Stourac,Dubrava,Musil,Horackova,Damborsky,Mazurenko,and Bednar: FireProtDB: database of manually curated protein stability data

INTRODUCTION

Proteins play essential roles in many biotechnological and biomedical applications, where they are often subjected to extreme environments, e.g. elevated temperatures or the presence of various salts. However, naturally occurring proteins have mostly evolved to function in the mild environmental conditions, and therefore their applicability is limited in the industrial applications. For this reason, protein engineers generally aim to improve protein stability, and thermostability is one of their primary targets (1) as it is correlated with serum survival time (2), half-life (3), expression yield (4) and activity in the presence of denaturants (5). A reliable assessment of the effect of a mutation on protein stability is often performed experimentally. Extensive experimental screening, however, is slow and costly, prompting the use of in silico approaches for the pre-selection of promising mutations. These methods are usually based on one of the three principles: (i) free energy calculations, (ii) phylogenetics or (iii) machine learning. With the recent advances in artificial intelligence, tool developers increasingly resort to the third group of methods. However, the accuracy of the machine learning-based predictors is still severely limited by the lack of high-quality data (6). Experimental characterizations are usually not capable of producing large amounts of data, and the majority of these measurements are scattered in the scientific literature. Thus, there is a strong demand for systematic collection, validation, and organization of such data in a database.

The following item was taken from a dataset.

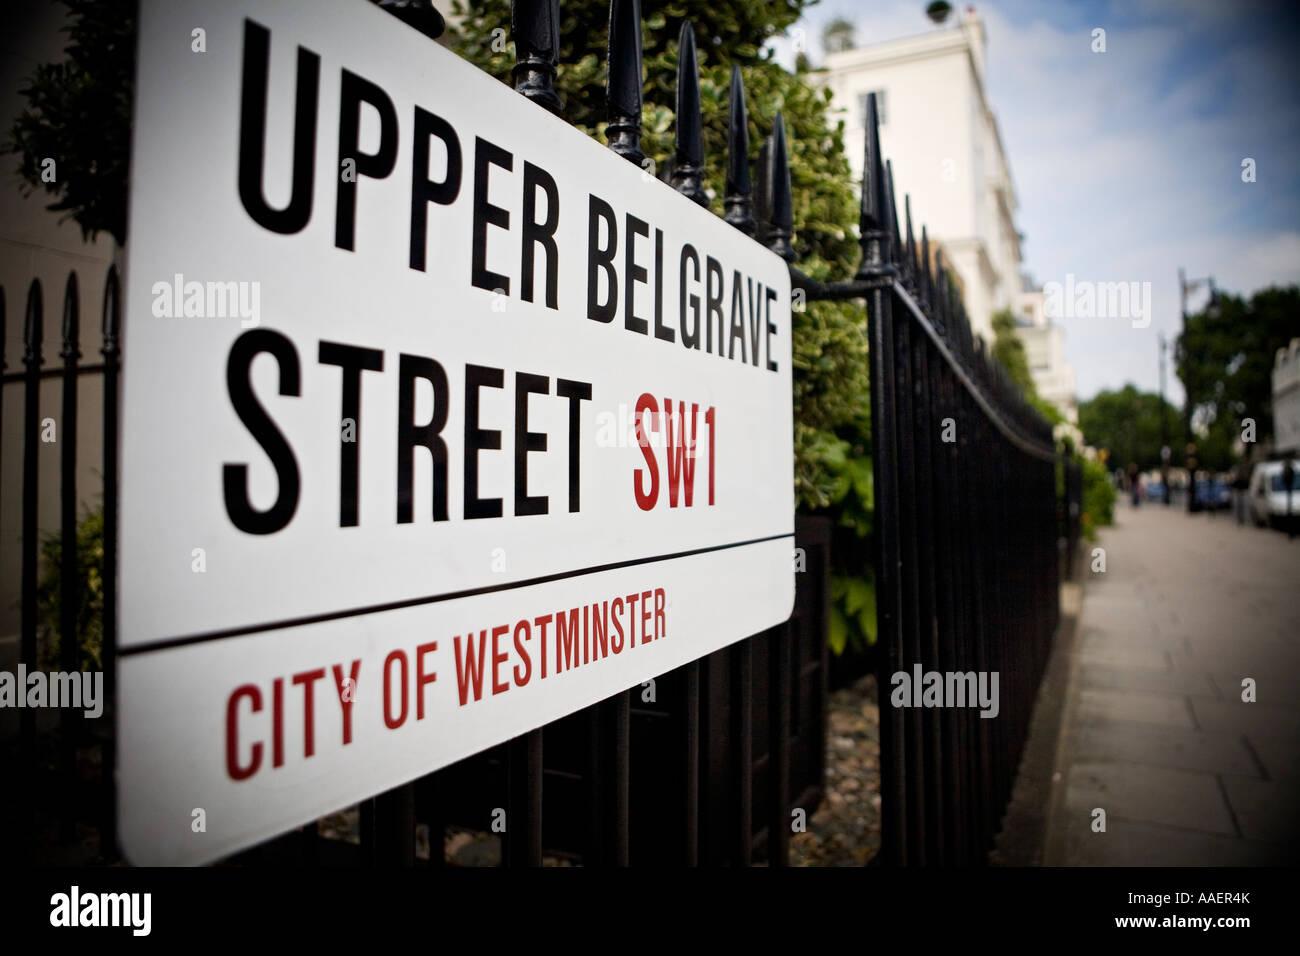 Upper Belgrave Belgravia exclusive area of London SW1 - Stock Image

Two attempts have been made to establish a systematic and extensive collection of thermostability data so far. The first and largest database is the Thermodynamic Database for Proteins and Mutants–ProTherm (7). It was first released in 1999 with the aim to collect experimentally determined thermodynamic parameters for wild-type proteins and their mutants from the published literature. Its latest version contains >25 000 entries from 740 proteins, and it serves as the primary source of protein stability data for the development of new predictors. However, ProTherm was last updated in 2013 so the database is already out-of-date. Moreover, several critical issues have been reported, such as inaccurate annotations or wrong signs of values (6,8–10). This makes ProTherm even more difficult to use as time-demanding manual filtering and validation steps are required to confirm the values in the original articles. This manual filtering led to the construction of many different, often overlapping, subsets with corrected values and occasionally new data. Some of these derivative datasets were deposited to the VariBench database (11) without any attempts to reintegrate the changes into ProTherm or create an improved database. This changed in 2018 when ProtaBank (12) was released. This database aims to collect a wide range of protein engineering data such as thermostability, activity, expression, binding and several others. The developers imported all the data from ProTherm, yet they did not seem to perform any manual curation. Therefore, the critical issues listed above were not resolved. And while ProtaBank enriched the ProTherm data with recent experimental studies, the database does not offer any advanced searching and filtering capabilities, at least in its non-commercial version. This makes the data extraction and processing tedious by necessitating many manual steps and hindering the application of such data-driven methods as machine learning.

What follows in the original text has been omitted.